Assuming a lifetime of five years for the HPC cluster and the group server. our storage cost on each system is roughly as follows

platform storage cost ($ / TB / year)
Group Server 15
University HPC 50
Google Cloud Storage 250

The group server is by far the cheapest, which is why these are so common. However, we also found that our productivity could be quite limited on the group server. When you have 10 group members trying to churn through many TB of data all at the same time, the the group server can just grind to a halt.

I believe that the university HPC represents a pretty good tradeoff. We can do data processing in parallel, with a fast filesystem, at about 1/5 of the cost per TB of cloud storage. This is especially convenient of you are already running models on the HPC so have data there already.

There are many things that can be done in order to make the HPC server more “cloud like” and thus support Pangeo workflows better. Matt Rocklin has a great post on this topic here:
http://matthewrocklin.com/blog/work/2019/10/01/stay-on-hpc

The key to achieving this is to change the culture of the HPC center and get them to value the things we value in Pangeo, like web-based access, containerization, elasticity, etc.
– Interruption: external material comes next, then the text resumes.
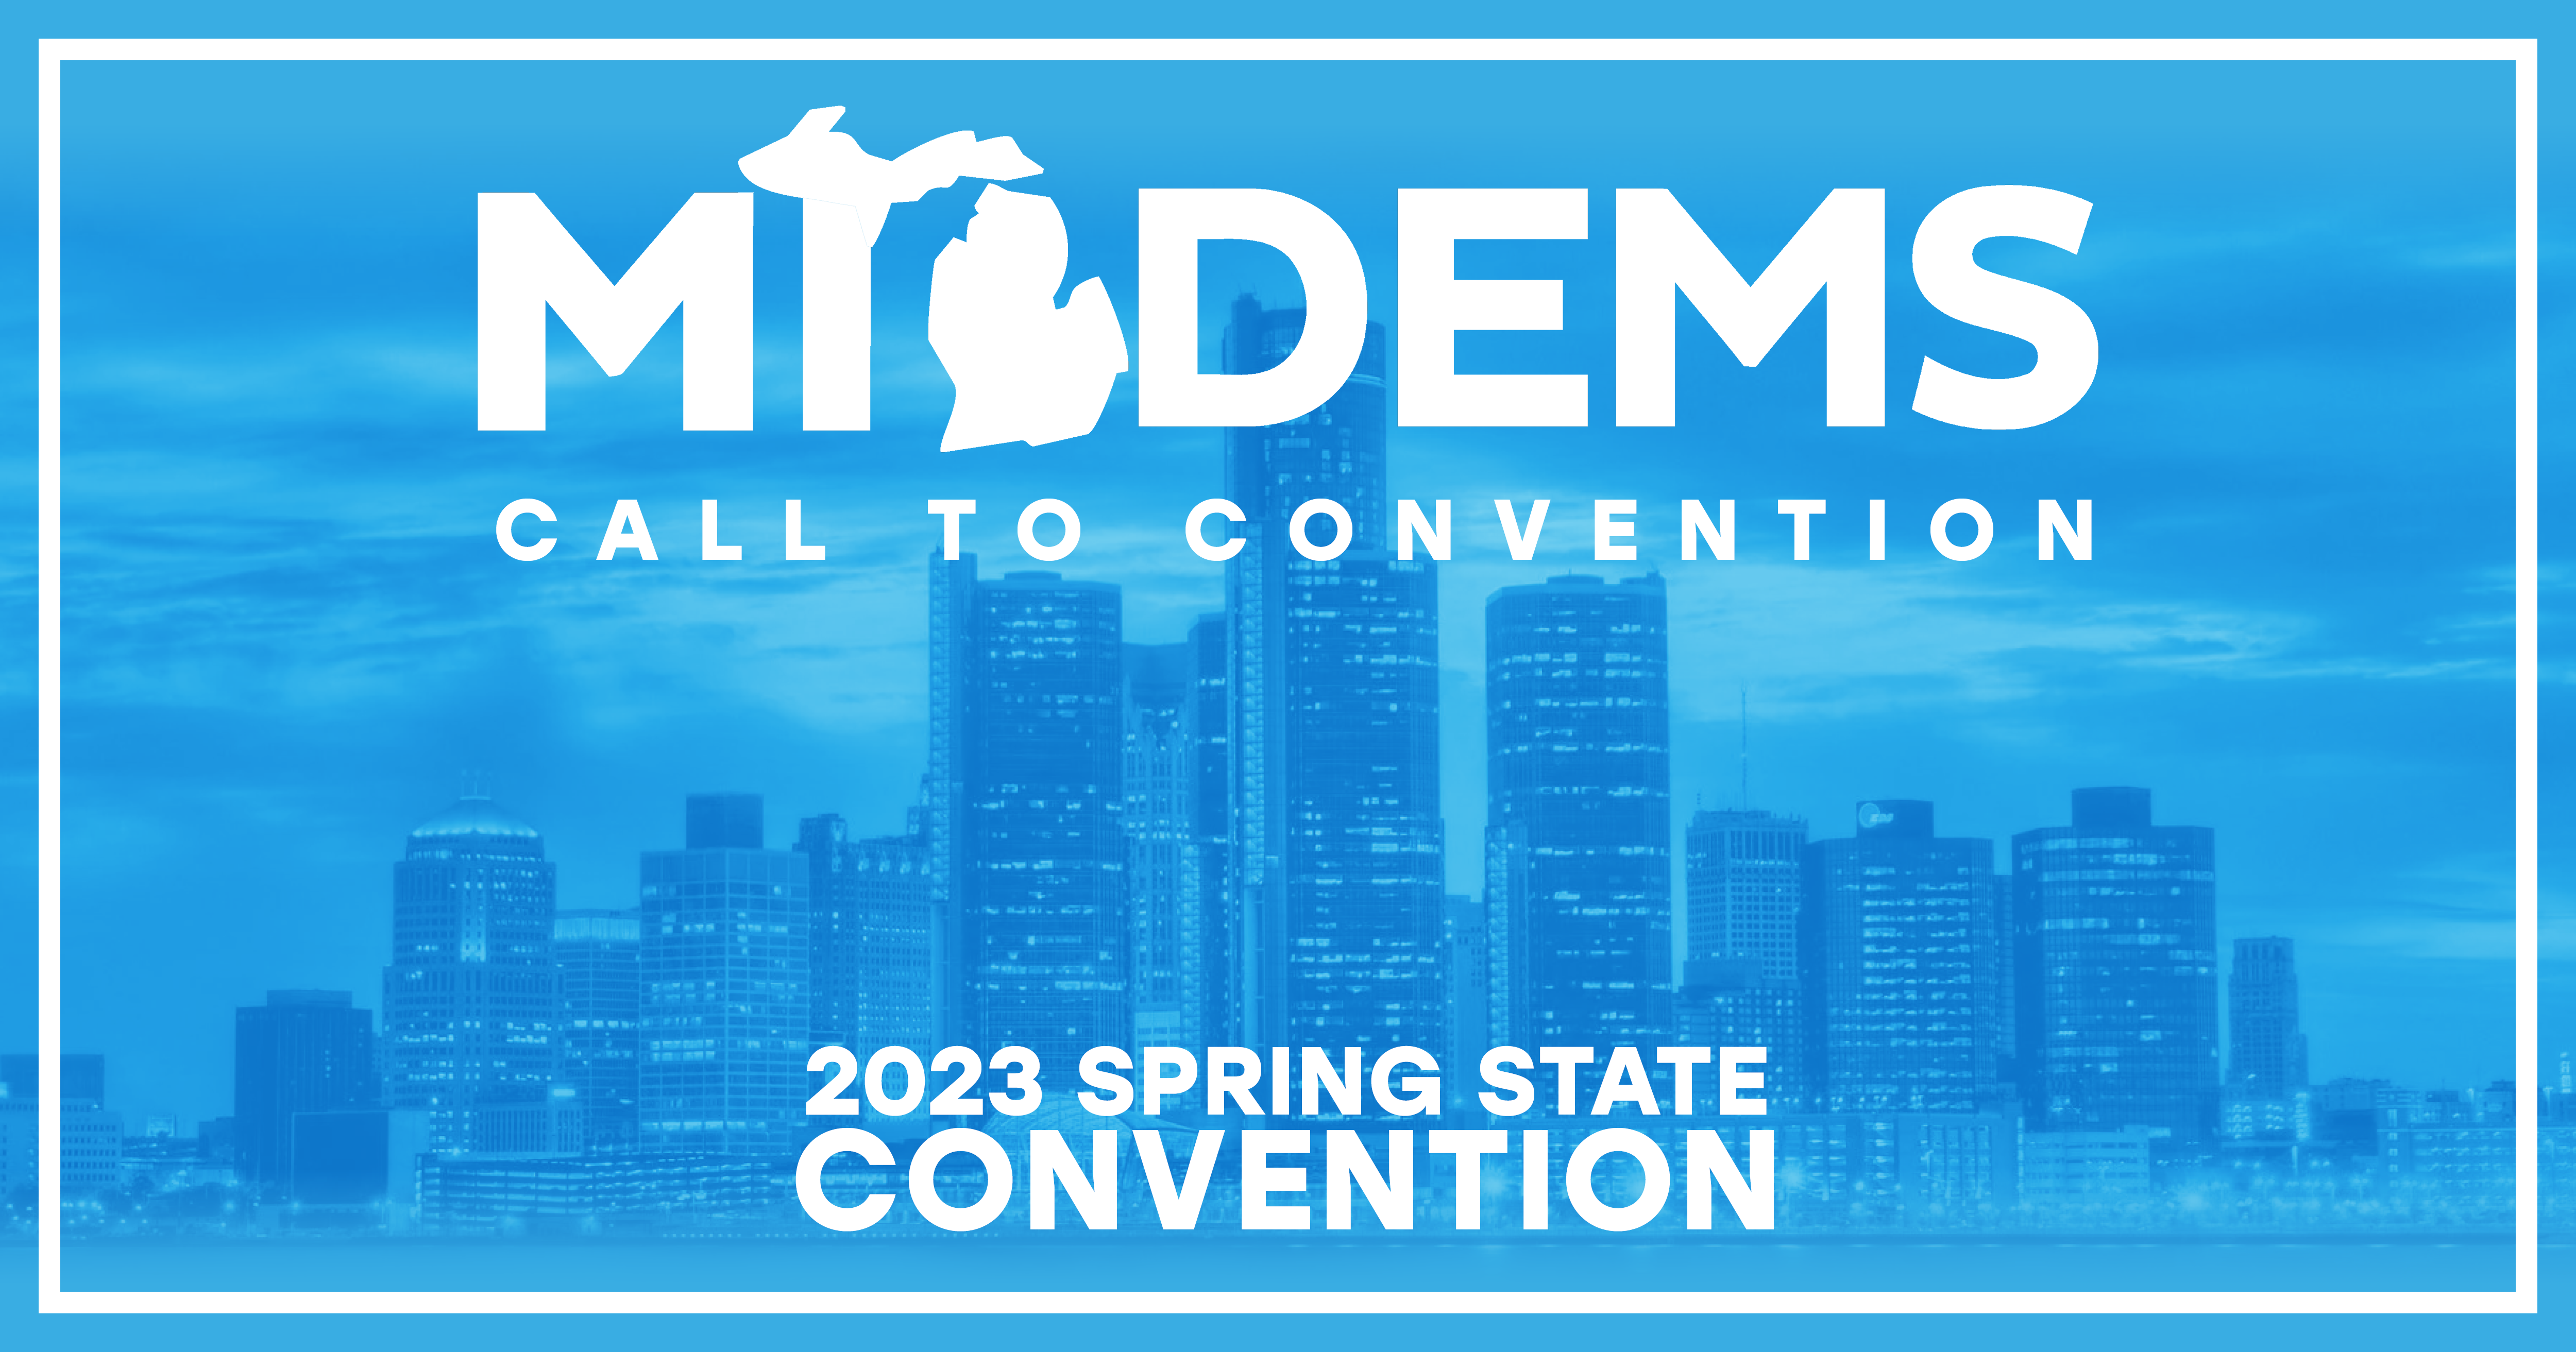 et details and sign up for "MDP's 2023 Spring Convention" hosted by Michigan Democratic Party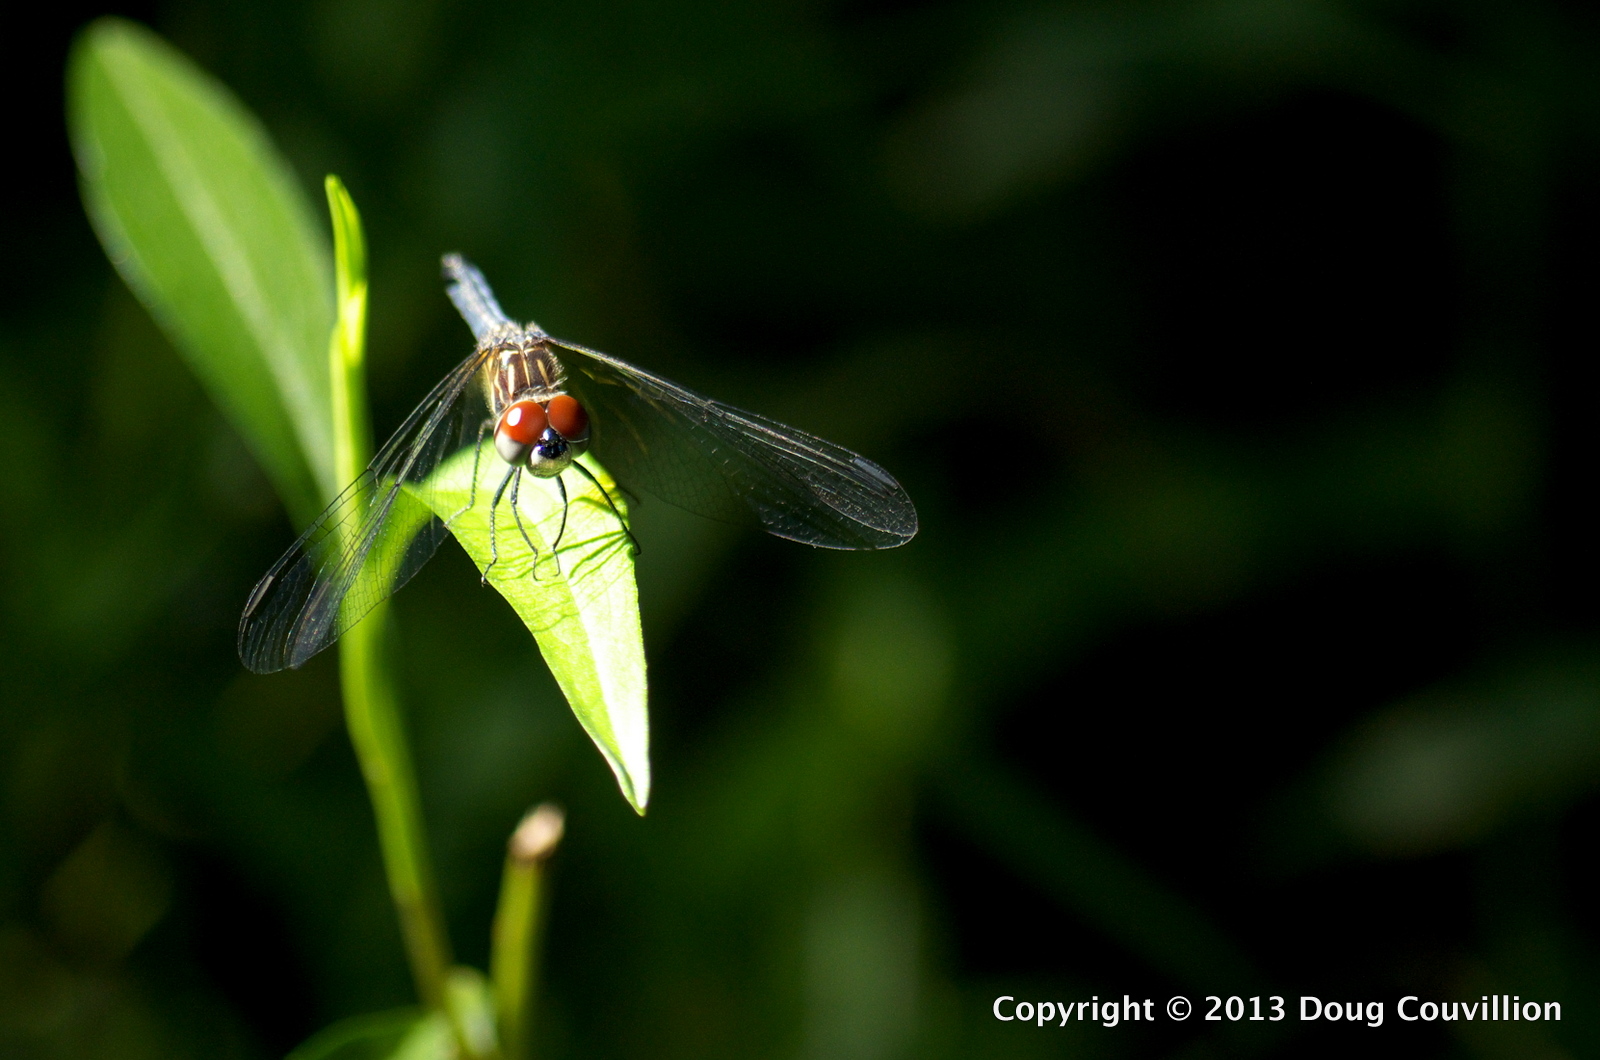 photograph of a dragonfly with bright red eyes resting on a green leaf

That has not been in easy in my experience. Even large HPC centers are conservative. The smaller centers are even more conservative, because they don’t have the expertise to tweak their configurations, and don’t have a mandate to push the envelope on HPC technology.

Maybe some others can share their experience running Pangeo on university HPC systems.

Matt Rocklin’s blog post, and prior discussions at scipy were the things that got me thinking about this issue in the first place, but I forgot to link in my post. Thanks Ryan. That should be required reading for anyone using university HPC systems.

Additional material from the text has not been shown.